### Excerpted data
....

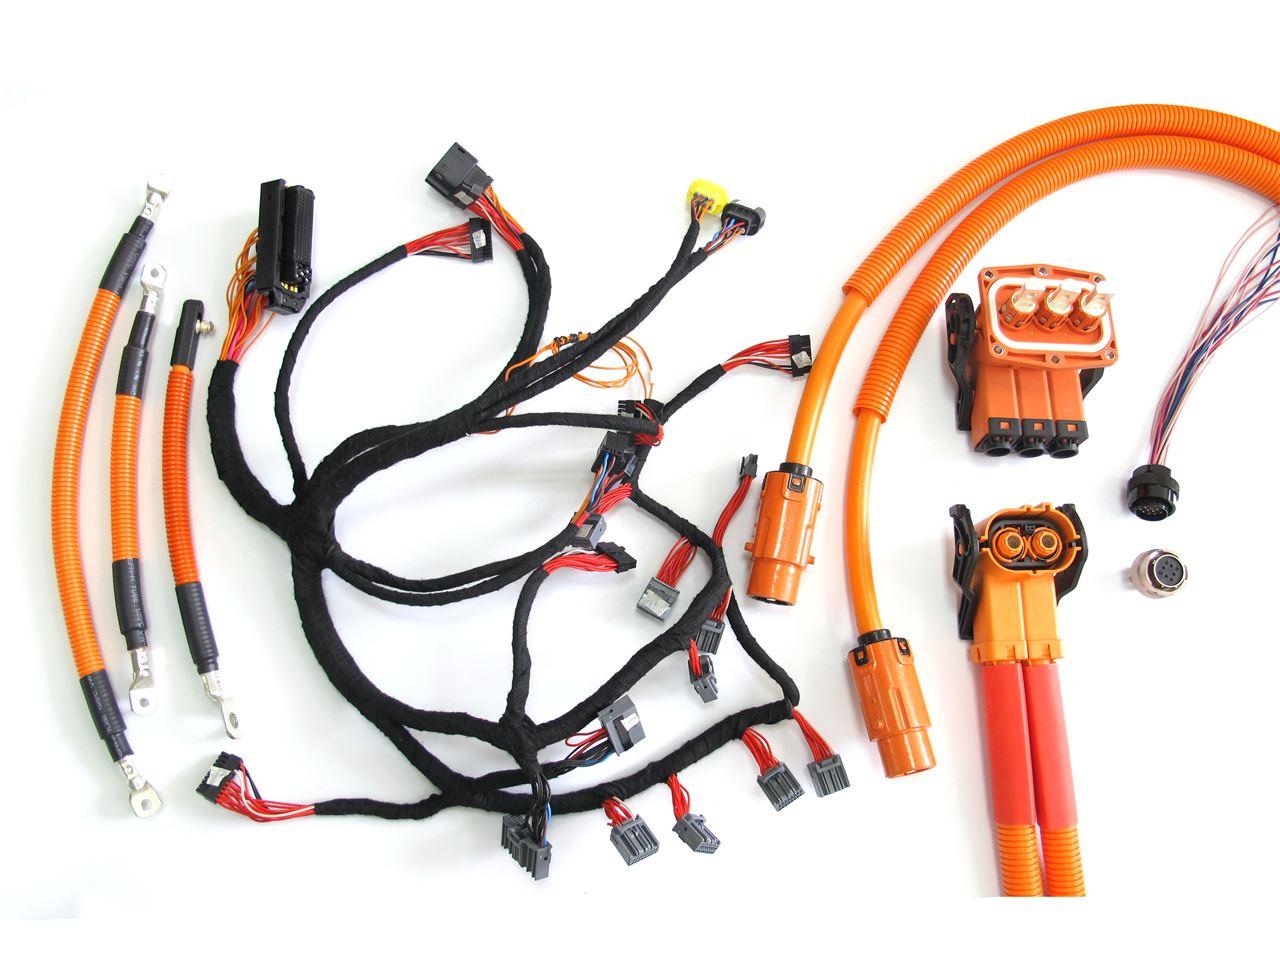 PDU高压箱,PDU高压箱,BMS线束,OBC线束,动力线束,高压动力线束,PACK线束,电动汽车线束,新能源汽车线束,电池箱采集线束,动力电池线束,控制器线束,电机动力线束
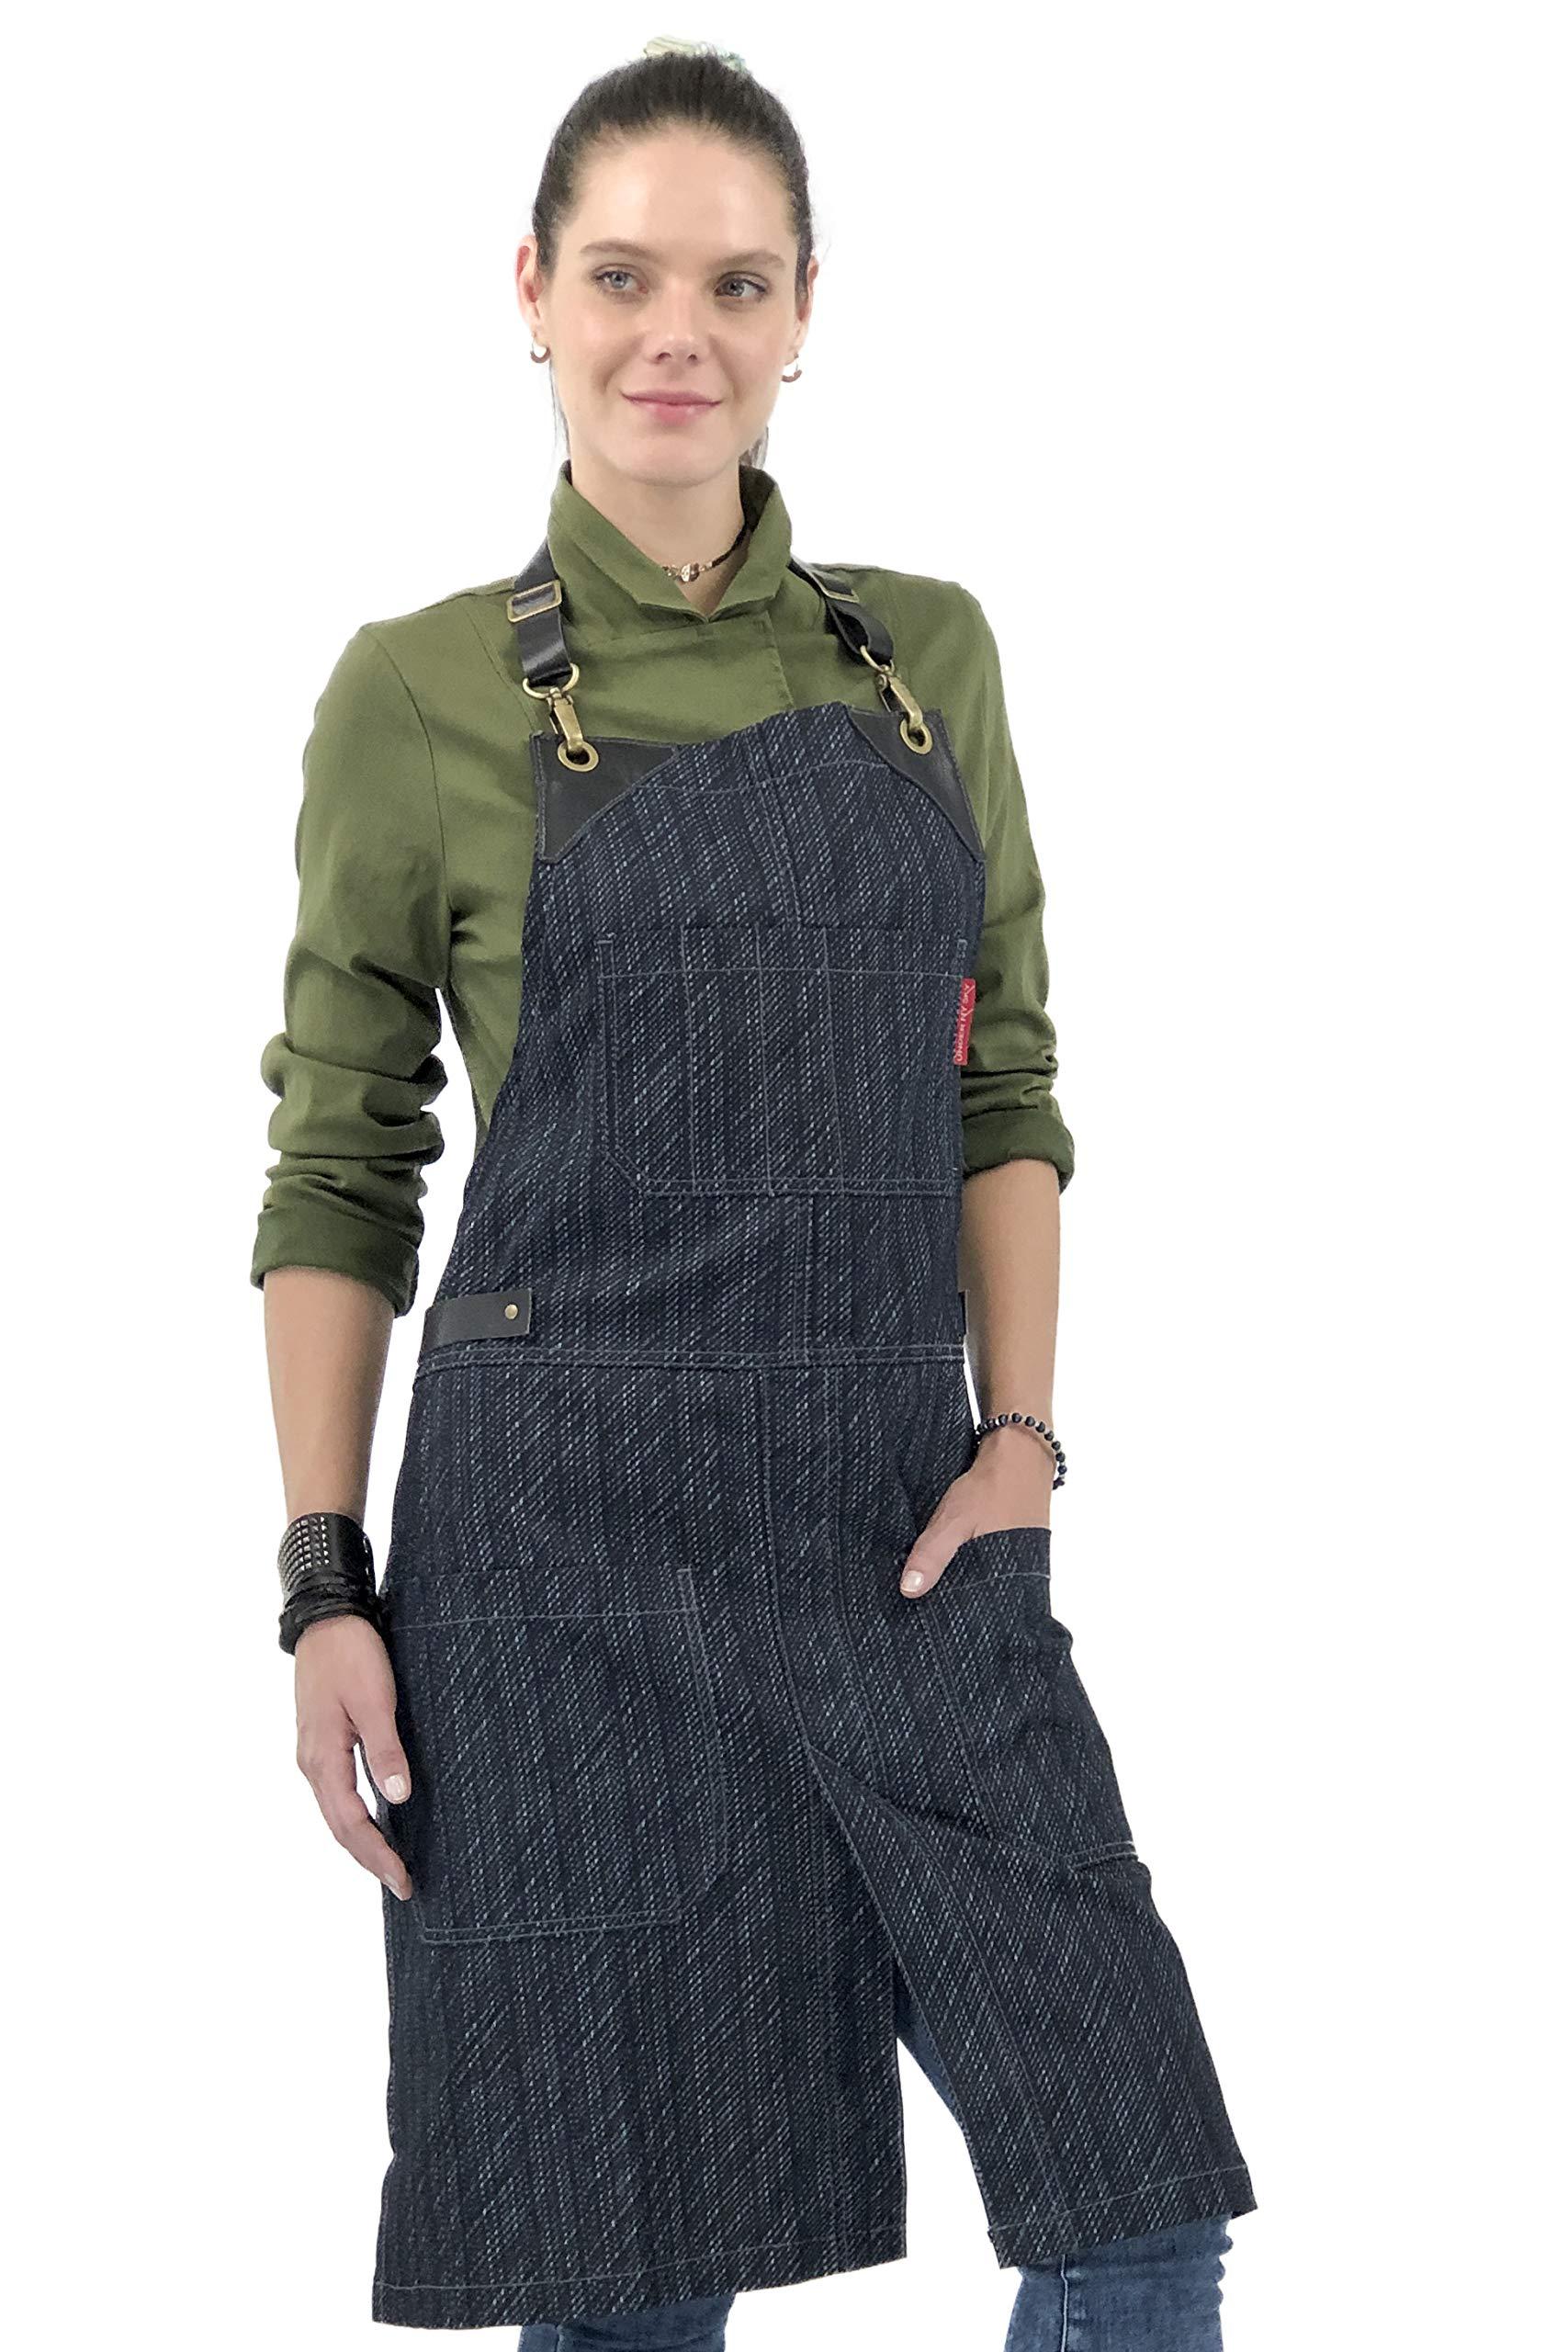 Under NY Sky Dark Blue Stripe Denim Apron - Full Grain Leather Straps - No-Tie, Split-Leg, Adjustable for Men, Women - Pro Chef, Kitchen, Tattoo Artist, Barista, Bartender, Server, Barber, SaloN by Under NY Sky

....

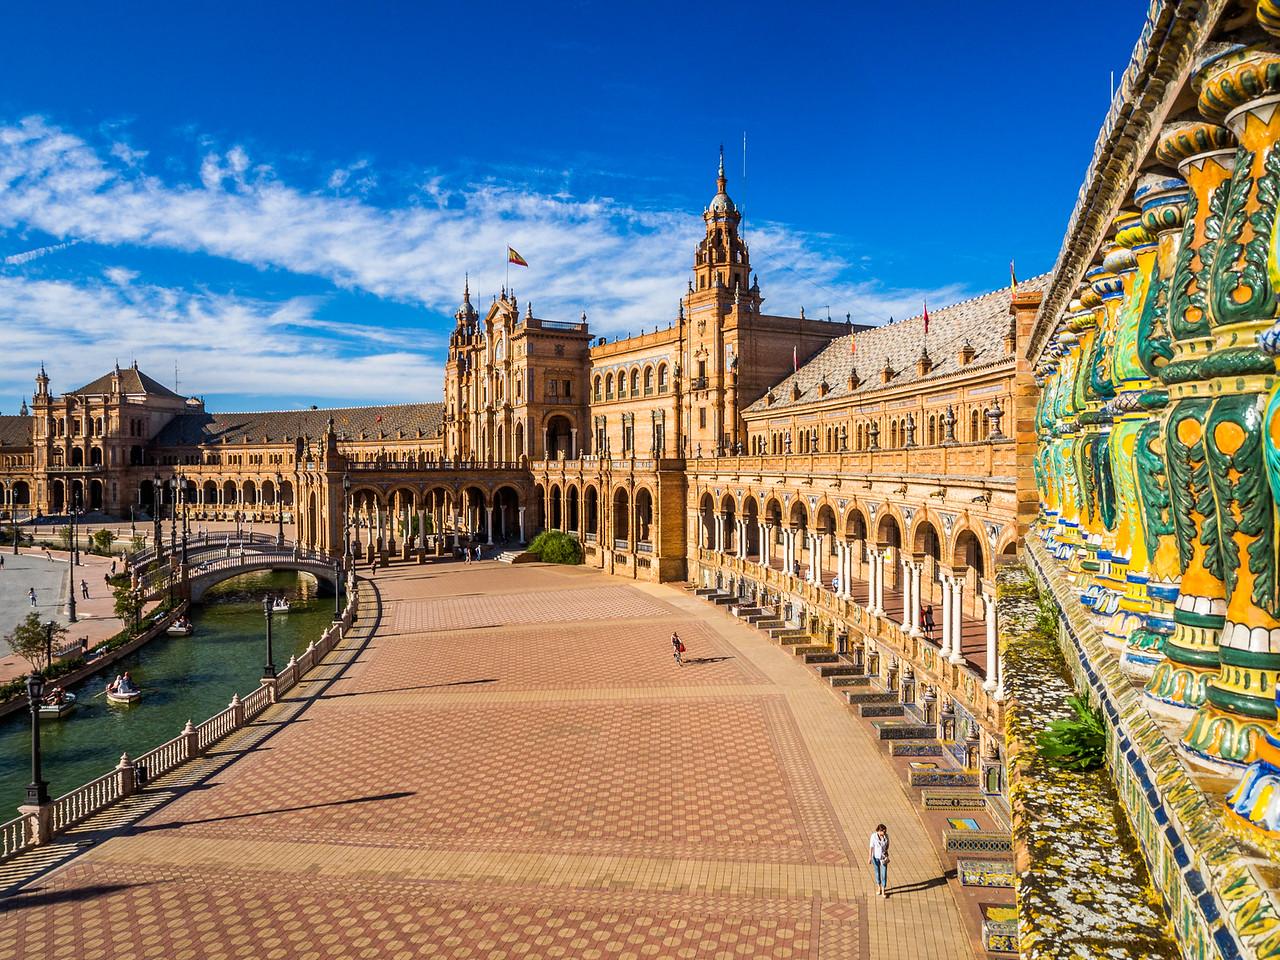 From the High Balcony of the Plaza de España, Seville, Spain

....

### Problem description
Give exactly the lines above that run from the line with "PDU高压箱,PDU高压箱,BMS线束,OBC线束,动力" to the line with "Under NY Sky Dark", both included, leaving every picture out.

### Response below
 PDU高压箱,PDU高压箱,BMS线束,OBC线束,动力线束,高压动力线束,PACK线束,电动汽车线束,新能源汽车线束,电池箱采集线束,动力电池线束,控制器线束,电机动力线束
 Under NY Sky Dark Blue Stripe Denim Apron - Full Grain Leather Straps - No-Tie, Split-Leg, Adjustable for Men, Women - Pro Chef, Kitchen, Tattoo Artist, Barista, Bartender, Server, Barber, SaloN by Under NY Sky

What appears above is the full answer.